*Your goal*
In this exercise, return the whole listing exactly, excluding any images.

*Collected data*
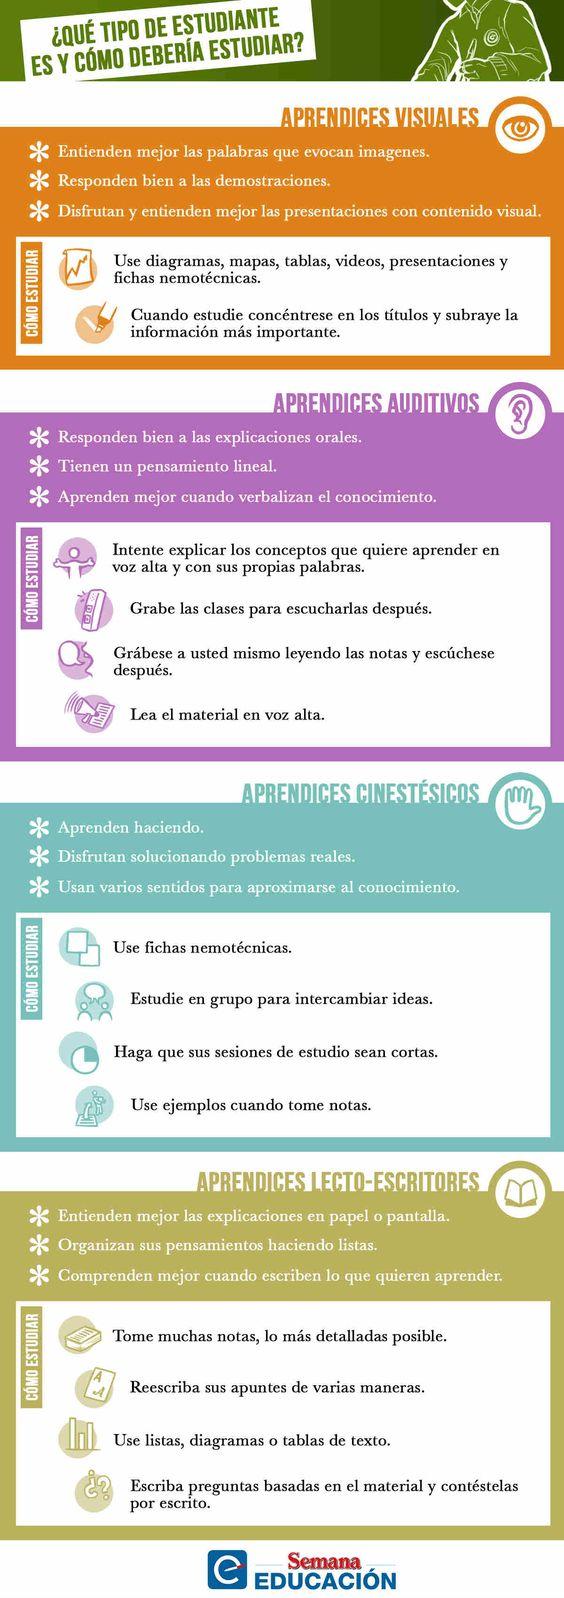 comoestudiarsegunestiloaprendizaje-infografia-bloggesvin
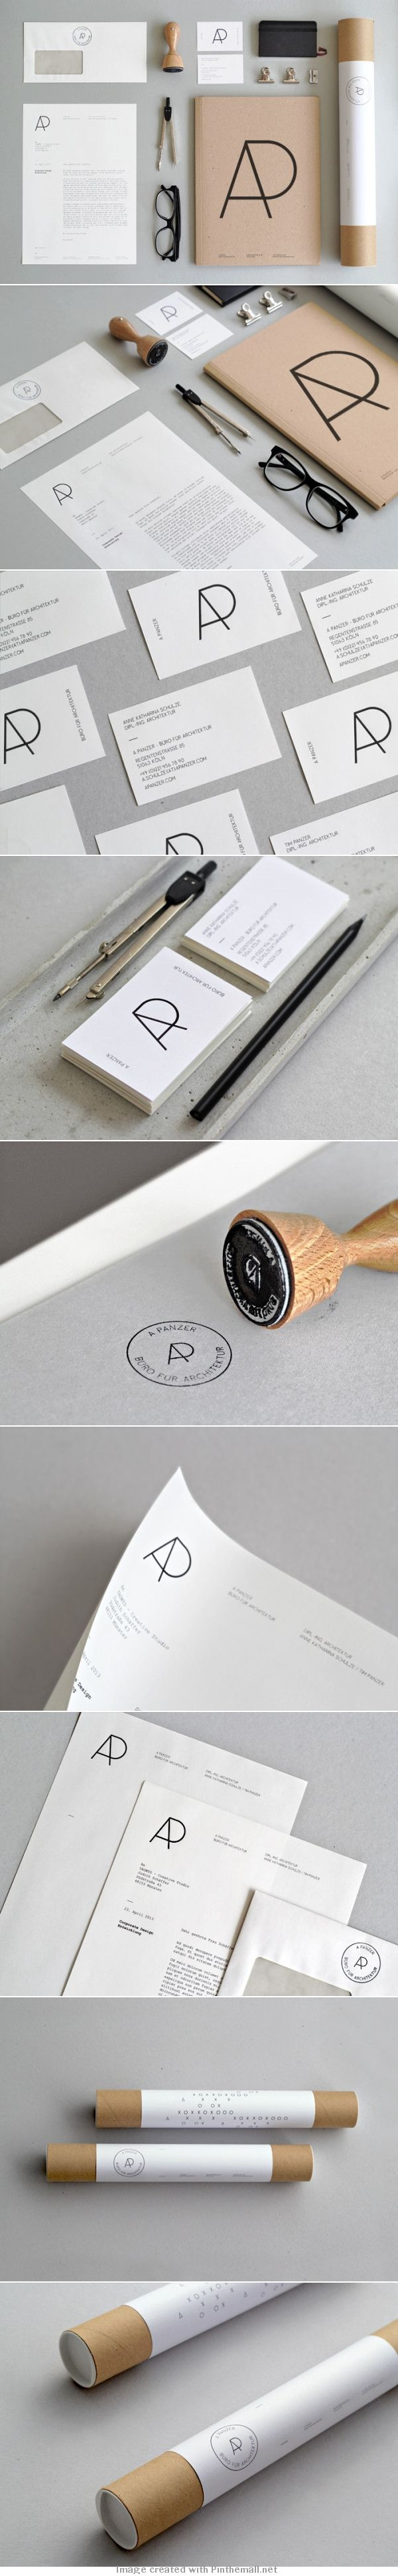 Ref: Os tons, o grafismo, o modelo do papel de carta
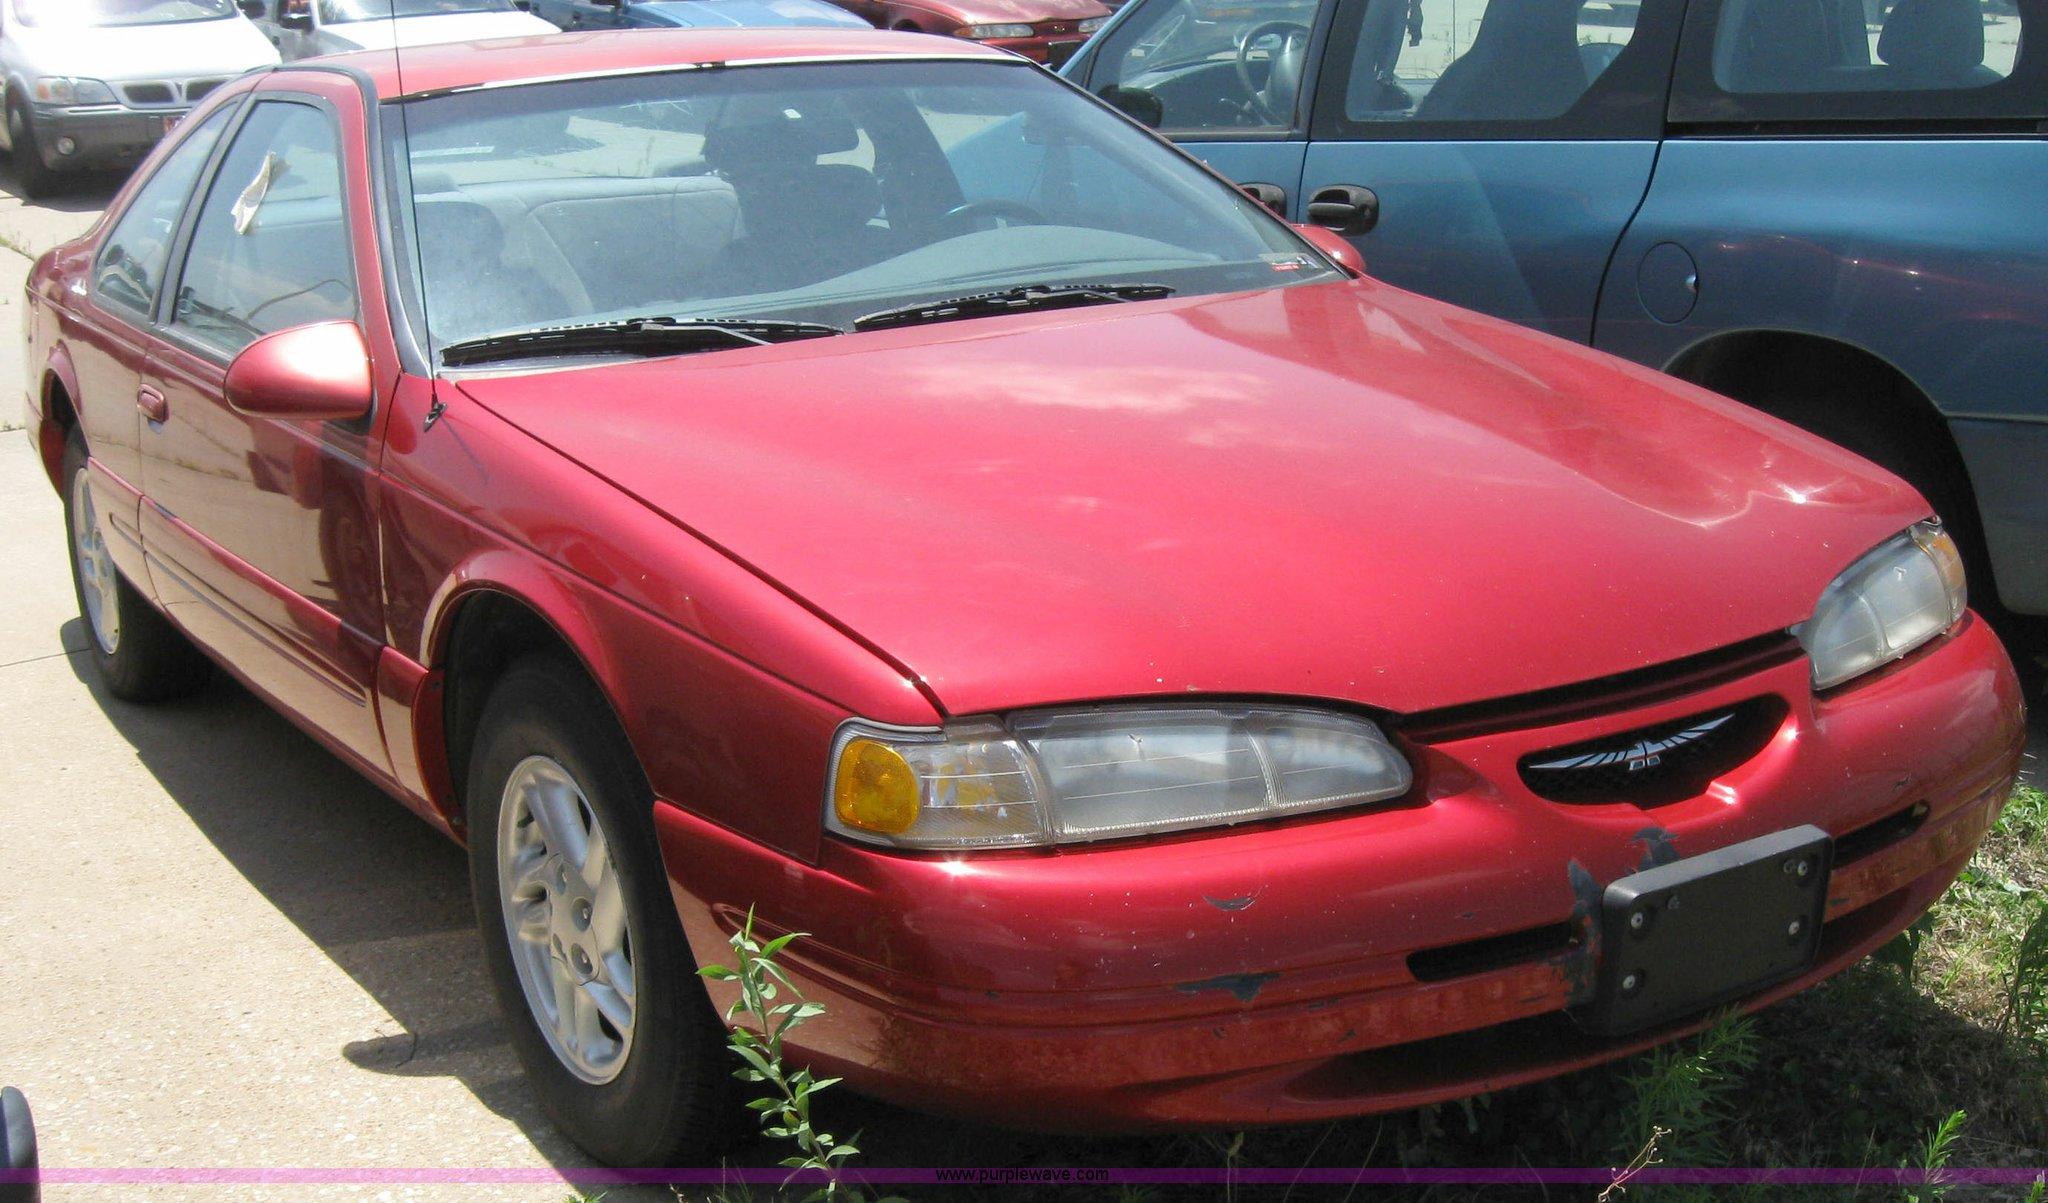 1996 Ford Thunderbird Lx 4 6l V8 Fi Sohc 16v Item 2190 S

*Completed task*
 comoestudiarsegunestiloaprendizaje-infografia-bloggesvin
 Ref: Os tons, o grafismo, o modelo do papel de carta
 1996 Ford Thunderbird Lx 4 6l V8 Fi Sohc 16v Item 2190 S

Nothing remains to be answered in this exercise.